**Activity**
Below is a listing; retype exactly the line with "シュガーポケッツ Tシャツ 黒/Lサイズ" and every line after it through the end, and only those, leaving out the pictures.

**Material supplied**
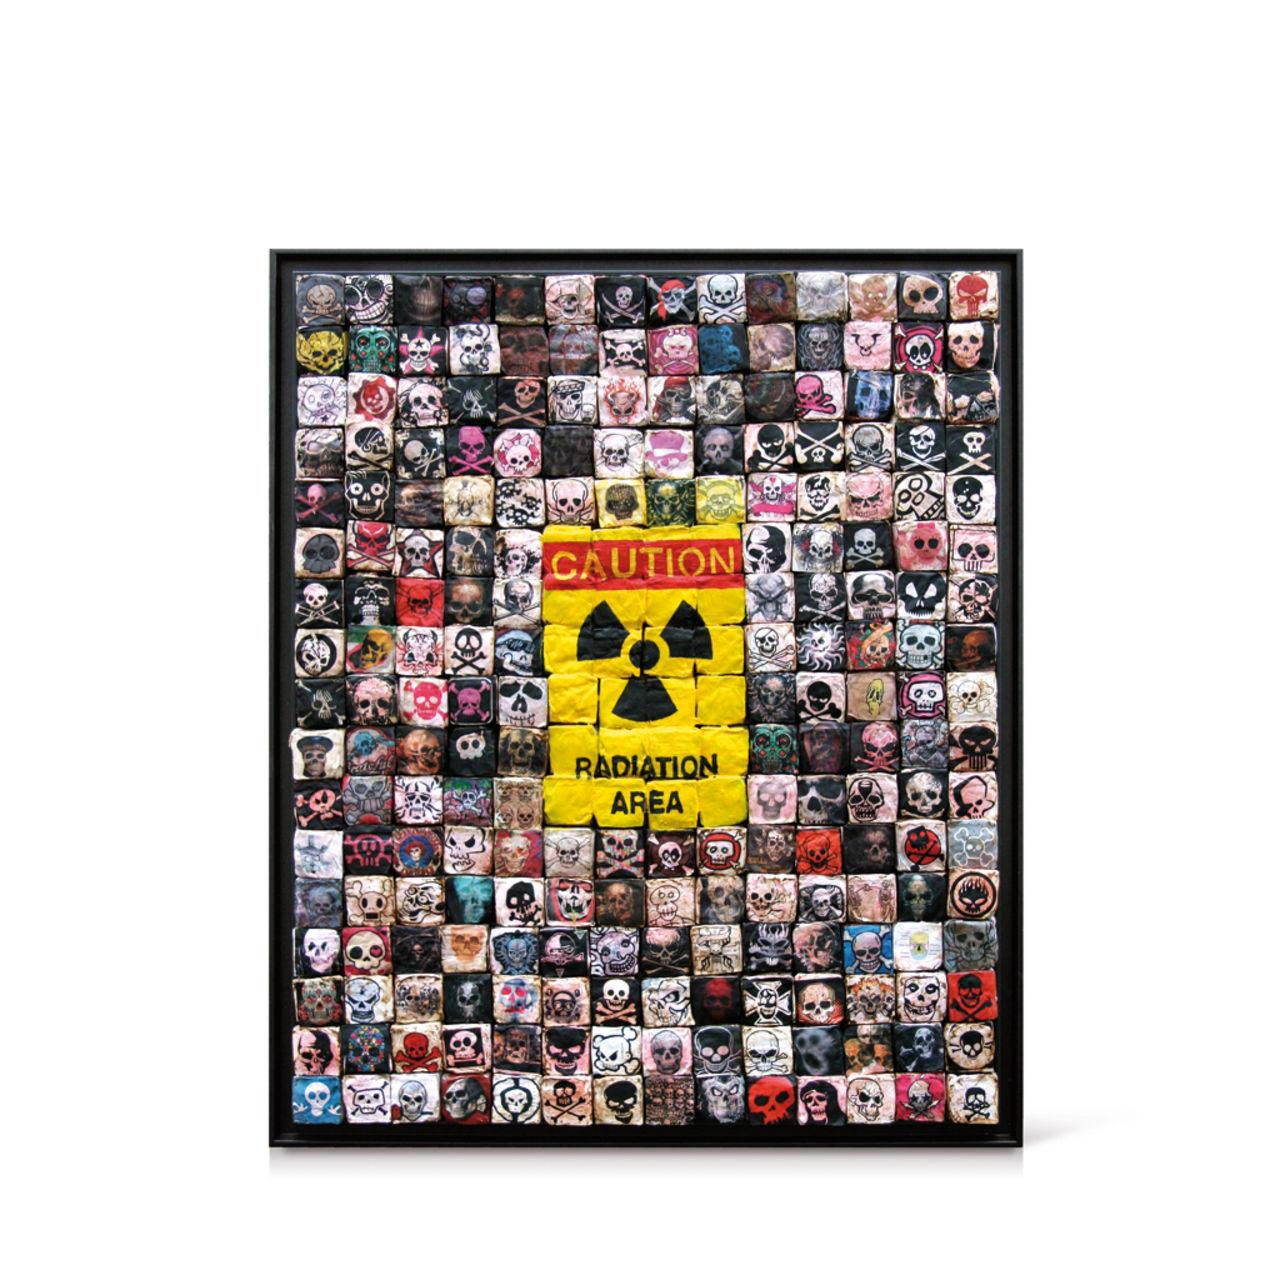 jean-michel buche 79 - Radiation area
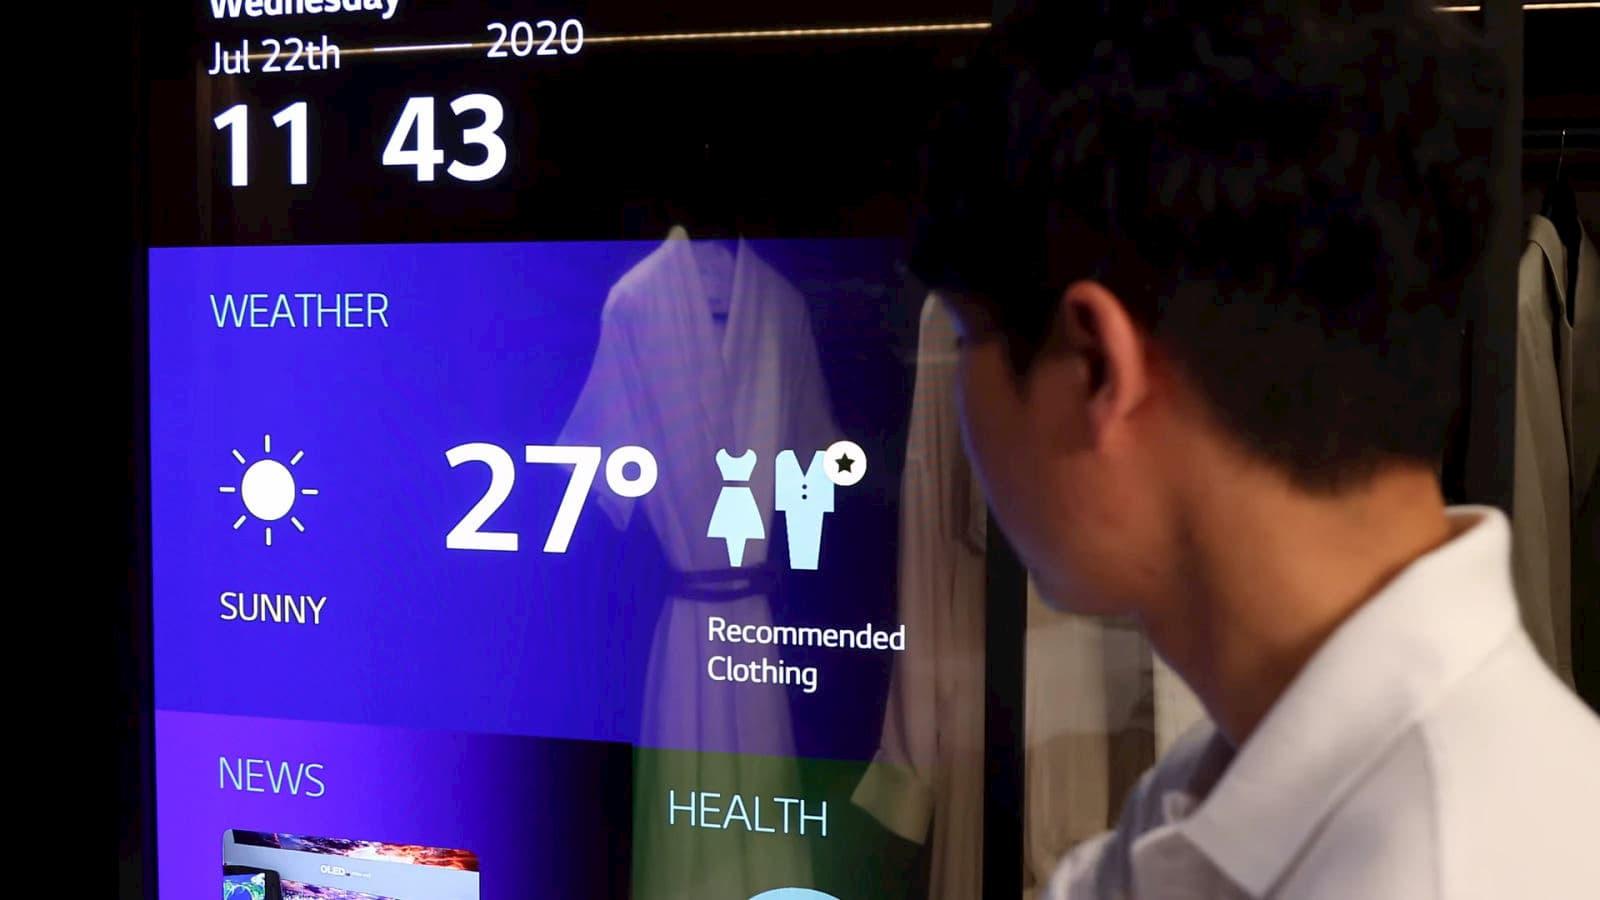 Conceito de tela transparente da LG
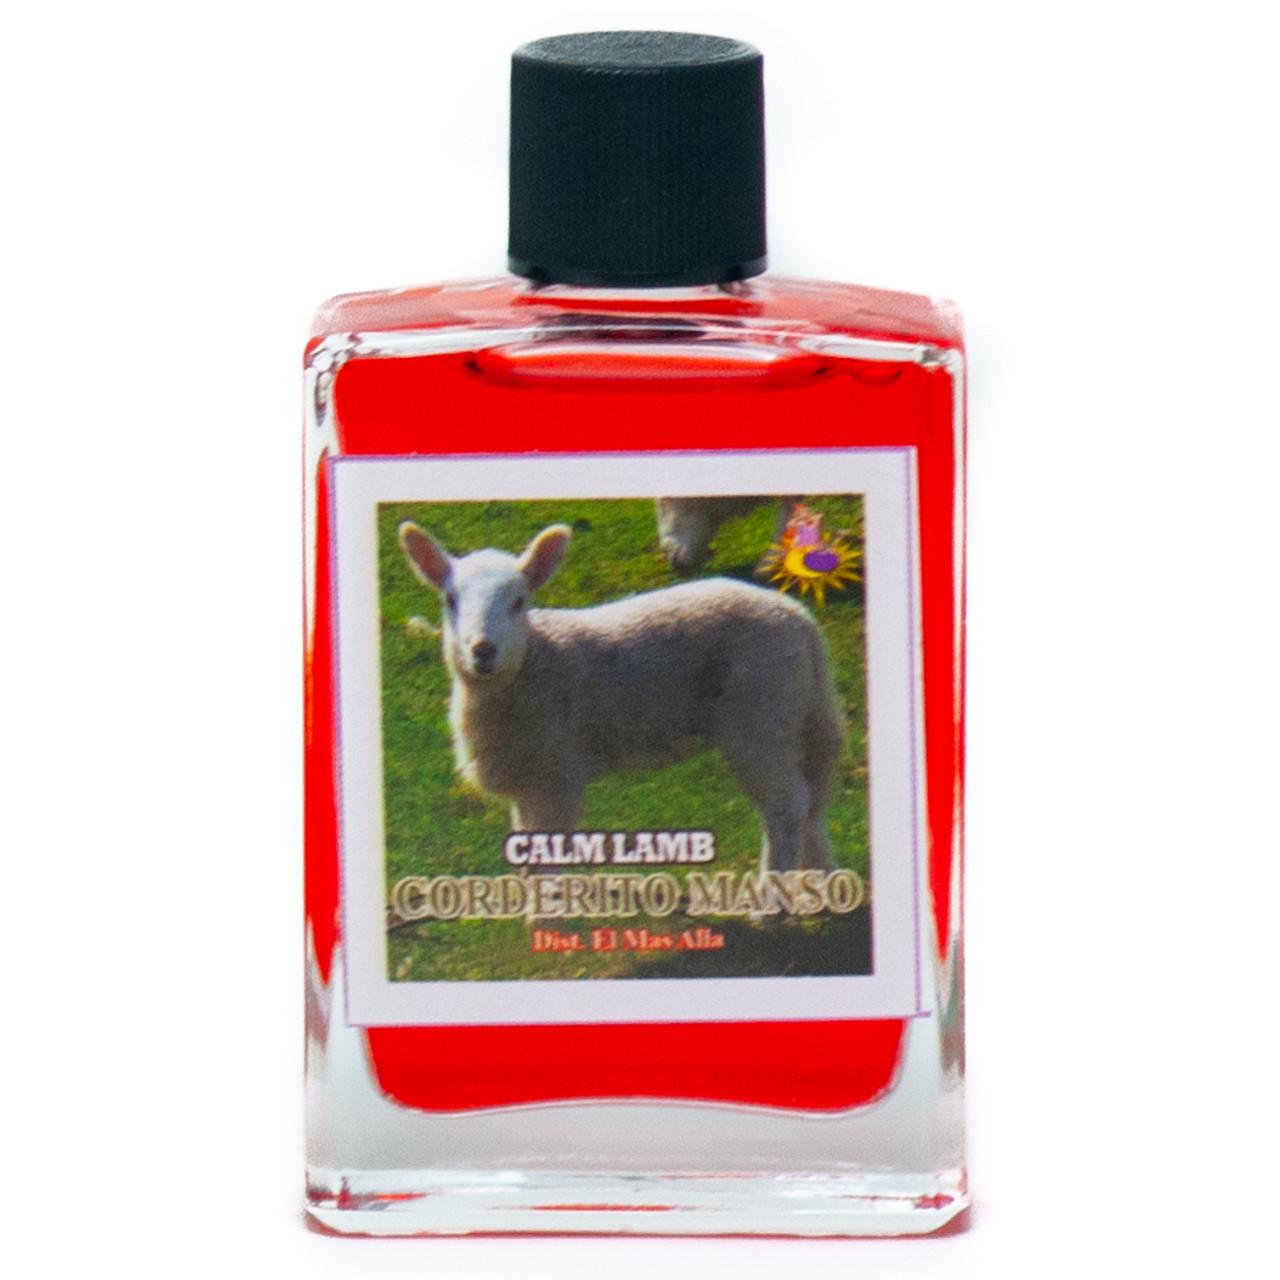 Perfume Corderito Manso - Calm Lamb Perfume
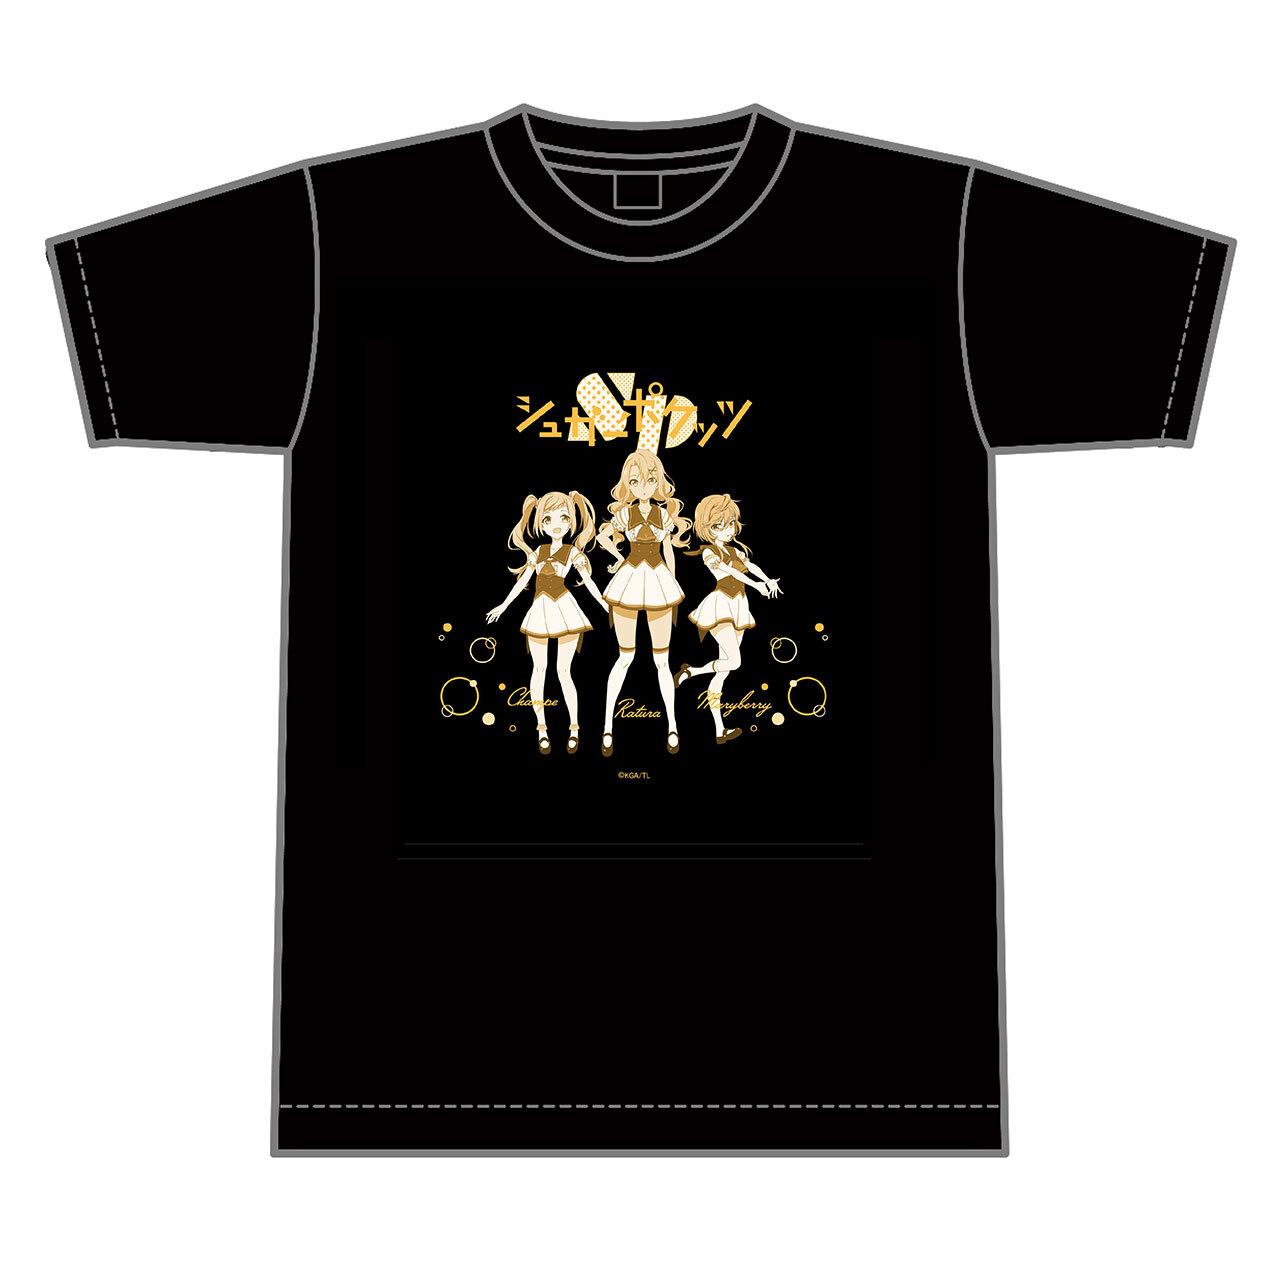 【4589839354530予】ラピスリライツ シュガーポケッツ Tシャツ 黒/Lサイズ
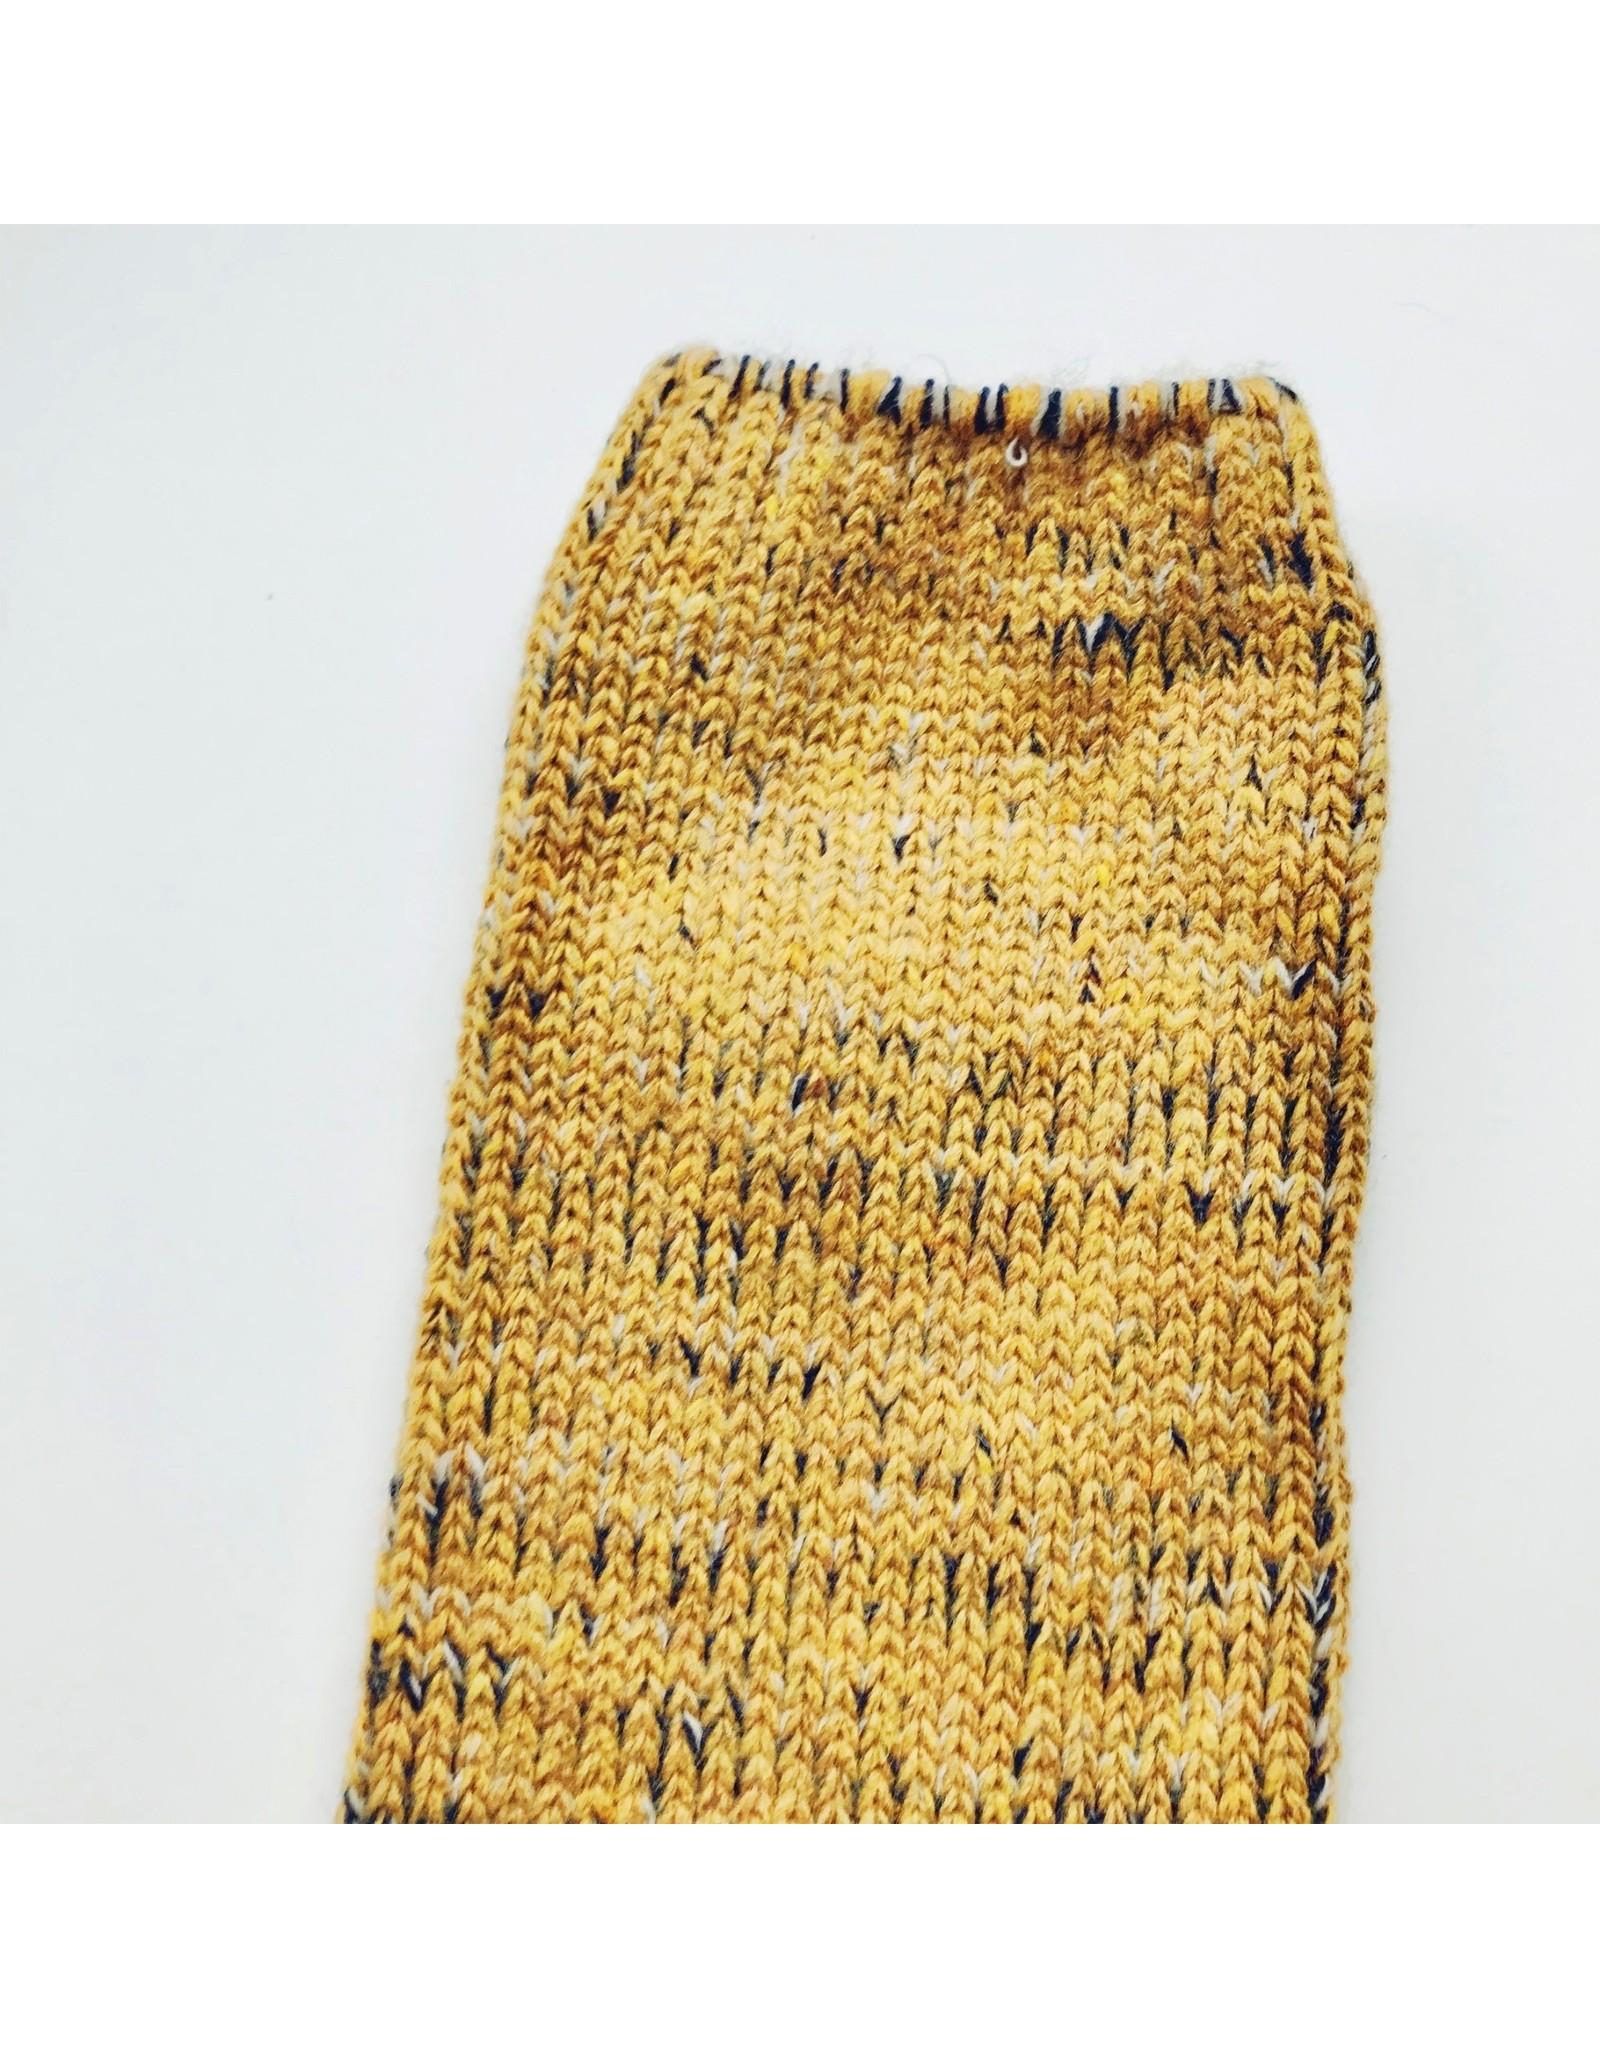 Woollen Socks Mustard  Size 3.5 - 6

**Problem solution**
 【4589839354530予】ラピスリライツ シュガーポケッツ Tシャツ 黒/Lサイズ
 Woollen Socks Mustard  Size 3.5 - 6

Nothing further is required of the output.